# WHAT IS EXPECTED
Reproduce exactly the lines of this material that begin at the line with "9500 Angel Number Meaning" and end at the line with "A collage of", both included. Omit the pictures and everything else.

# SUPPLIED RECORDS
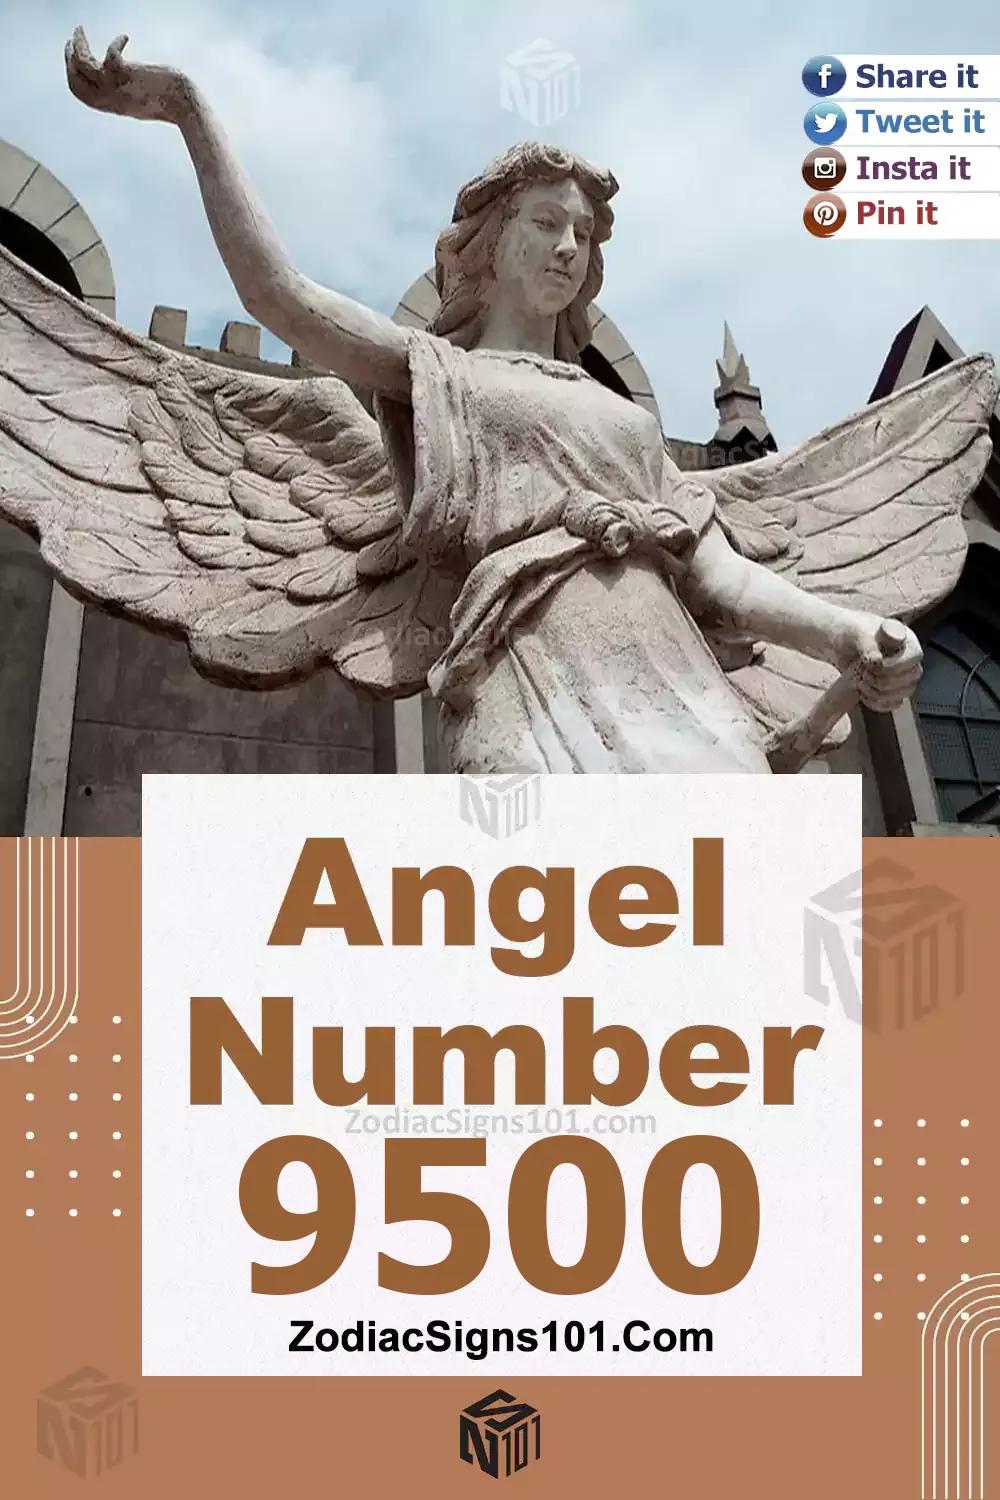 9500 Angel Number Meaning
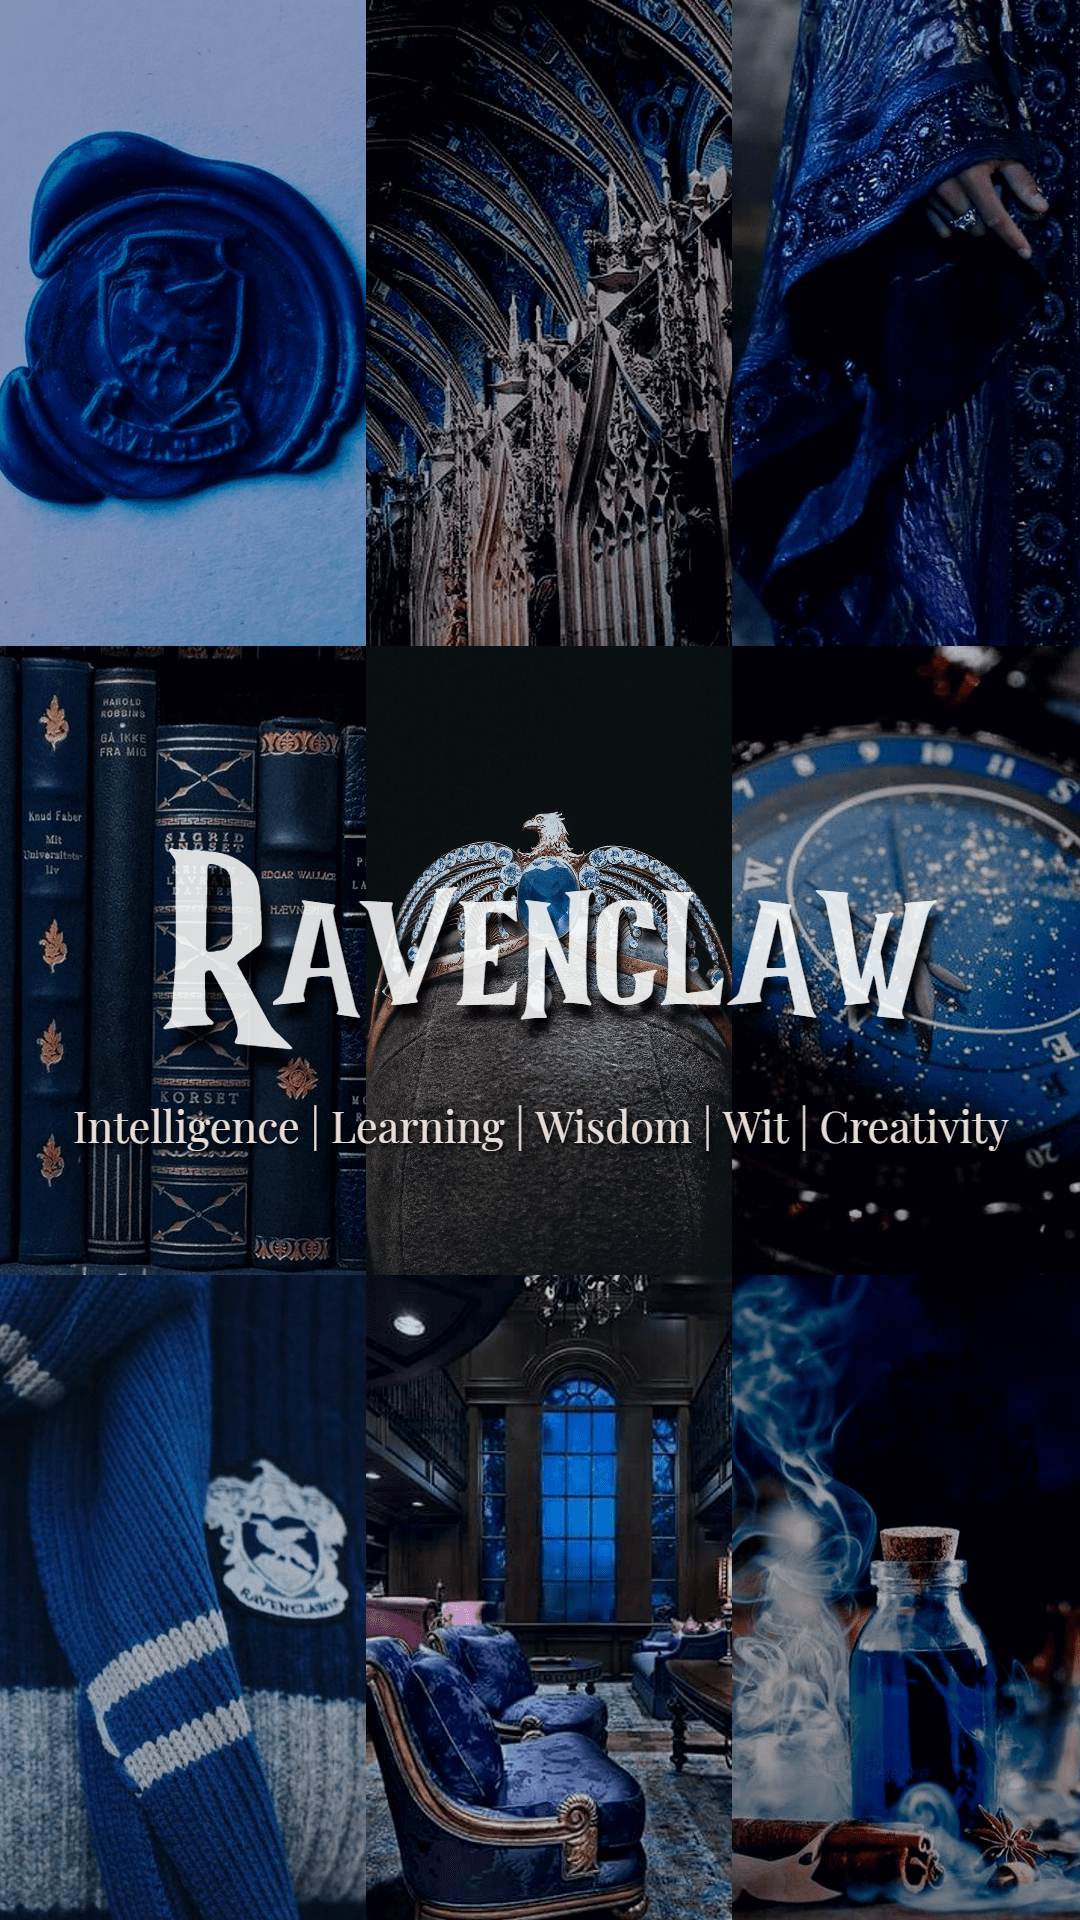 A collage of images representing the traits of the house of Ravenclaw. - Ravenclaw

---

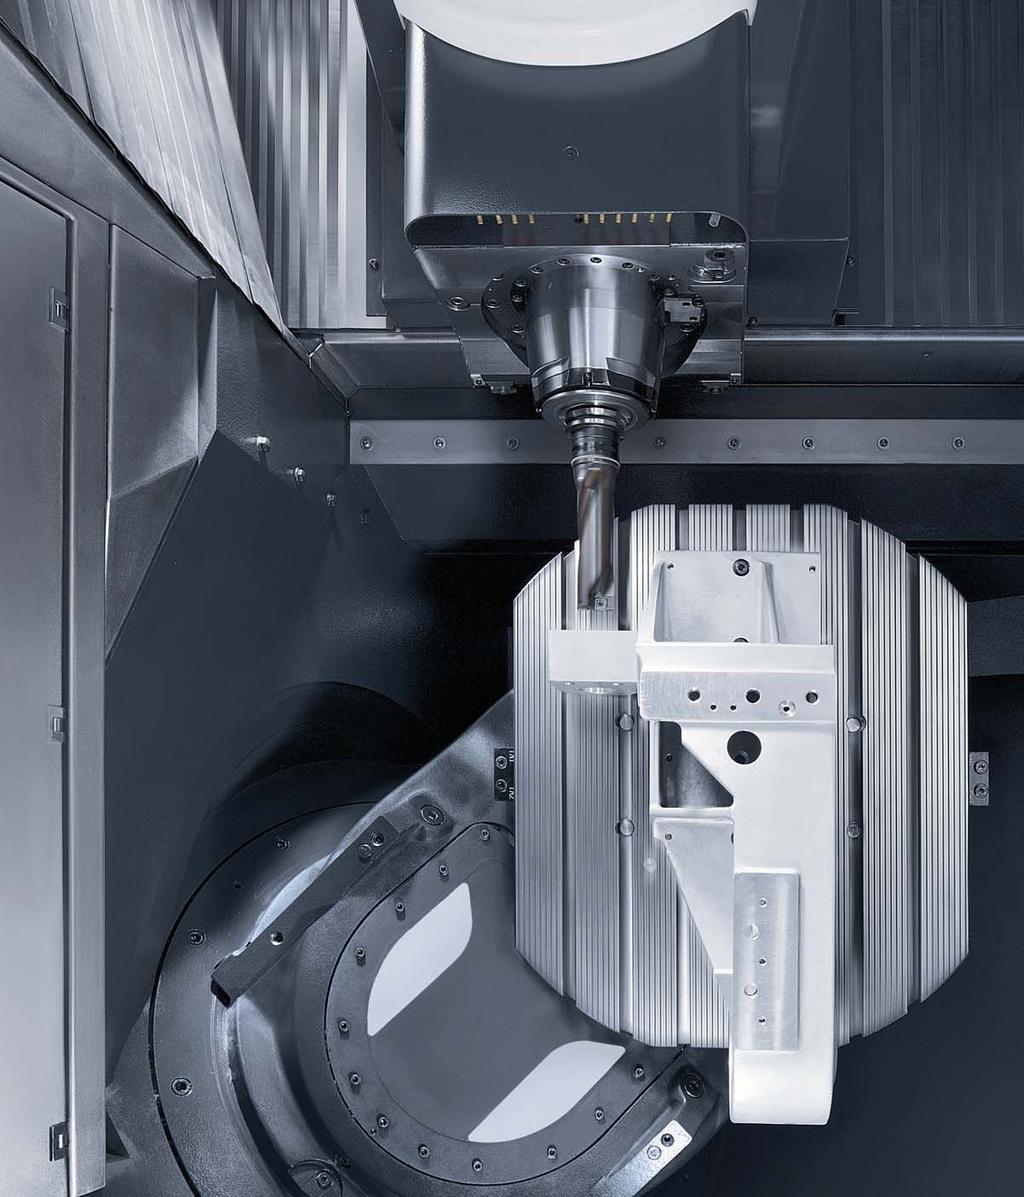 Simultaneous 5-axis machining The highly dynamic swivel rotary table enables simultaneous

# WRITTEN ANSWER
 9500 Angel Number Meaning
 A collage of images representing the traits of the house of Ravenclaw. - Ravenclaw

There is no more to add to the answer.